Assessment of heterogeneity

We will assess statistical heterogeneity in each meta‐analysis using the Tau², I² and Chi² statistics. We will regard heterogeneity as substantial if the I² is greater than 30% and either the Tau² is greater than zero, or there is a low P value (less than 0.10) in the Chi² test for heterogeneity.

Assessment of reporting biases

If there are 10 or more studies in the meta‐analysis, we will investigate reporting biases (such as publication bias) using funnel plots. We will assess funnel plot asymmetry visually. If asymmetry is suggested by a visual assessment, we will perform exploratory analyses to investigate it.

Data synthesis

We will carry out statistical analysis using the Review Manager software (RevMan 2014). We will use fixed‐effect meta‐analysis for combining data where it is reasonable to assume that studies are estimating the same underlying treatment effect: i.e. where trials are examining the same intervention, and the trials’ populations and methods are judged sufficiently similar. If there is clinical heterogeneity sufficient to expect that the underlying treatment effects differ between trials, or if substantial statistical heterogeneity is detected, we will use random‐effects meta‐analysis to produce an overall summary, if an average treatment effect across trials is considered clinically meaningful. The random‐effects summary will be treated as the average of the range of possible treatment effects and we will discuss the clinical implications of treatment effects differing between trials. If the average treatment effect is not clinically meaningful, we will not combine trials.

If we use random‐effects analyses, the results will be presented as the average treatment effect with 95% confidence intervals, and the estimates of Tau² and I².

Subgroup analysis and investigation of heterogeneity

If we identify substantial heterogeneity, we will investigate it using subgroup analyses and sensitivity analyses. We will consider whether an overall summary is meaningful, and if it is, use random‐effects analysis to produce it.

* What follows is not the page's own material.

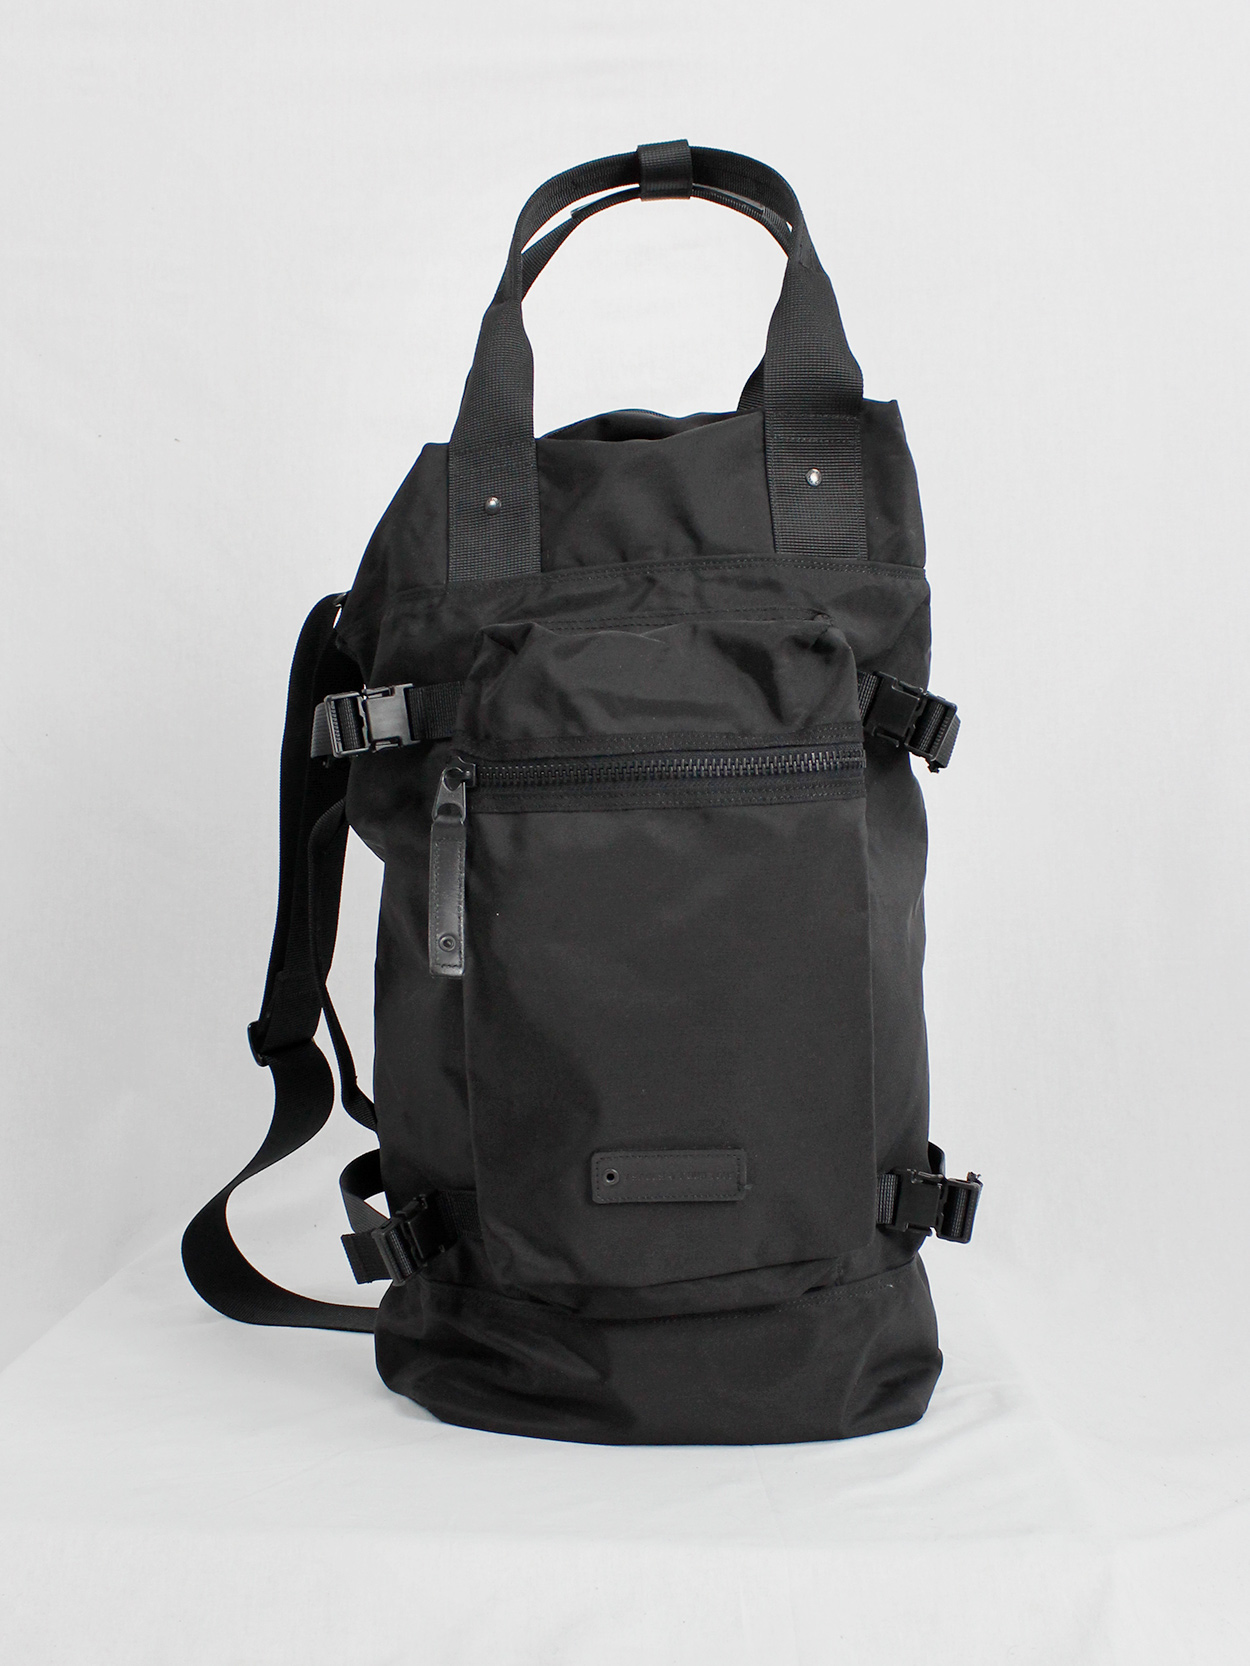 yohji yamamoto yACCS Pour Tous black duffle bag with utility straps 90s (5)

We do not envisage that there will be many studies focusing on education and support for women with multiple pregnancies, but data permitting we would like to carry out the following subgroup analysis:

  1. by type of supporter (professional versus lay person, or both);

  2. by type of support (face‐to‐face versus telephone support);

  3. by timing of support (antenatal alone, postnatal alone or both);

  4. by whether the support was proactive (scheduled contacts) or reactive (women needed to request support);

  5. by background breastfeeding initiation rates (low, medium or high background rates);

  6. by intensity of support (number of scheduled contacts);

  7. by whether babies were premature or sick or healthy babies delivered at term (> 37 weeks’ gestation).

We will use primary outcomes only in subgroup analysis.

We will assess subgroup differences by interaction tests available within RevMan (RevMan 2014). We will report the results of subgroup analyses quoting the Chi2 statistic and P value, and the interaction test I² value.

Sensitivity analysis

We will carry out sensitivity analysis to examine any possible effect of risk of bias on results. For our primary outcomes, provided sufficient data are available, we will temporarily remove studies at high or unclear risk of bias (using the allocation concealment domain) to examine whether this has an impact on results. We will also carry out sensitivity analysis to examine the effects of varying the ICC when adjusting data for cluster design effect.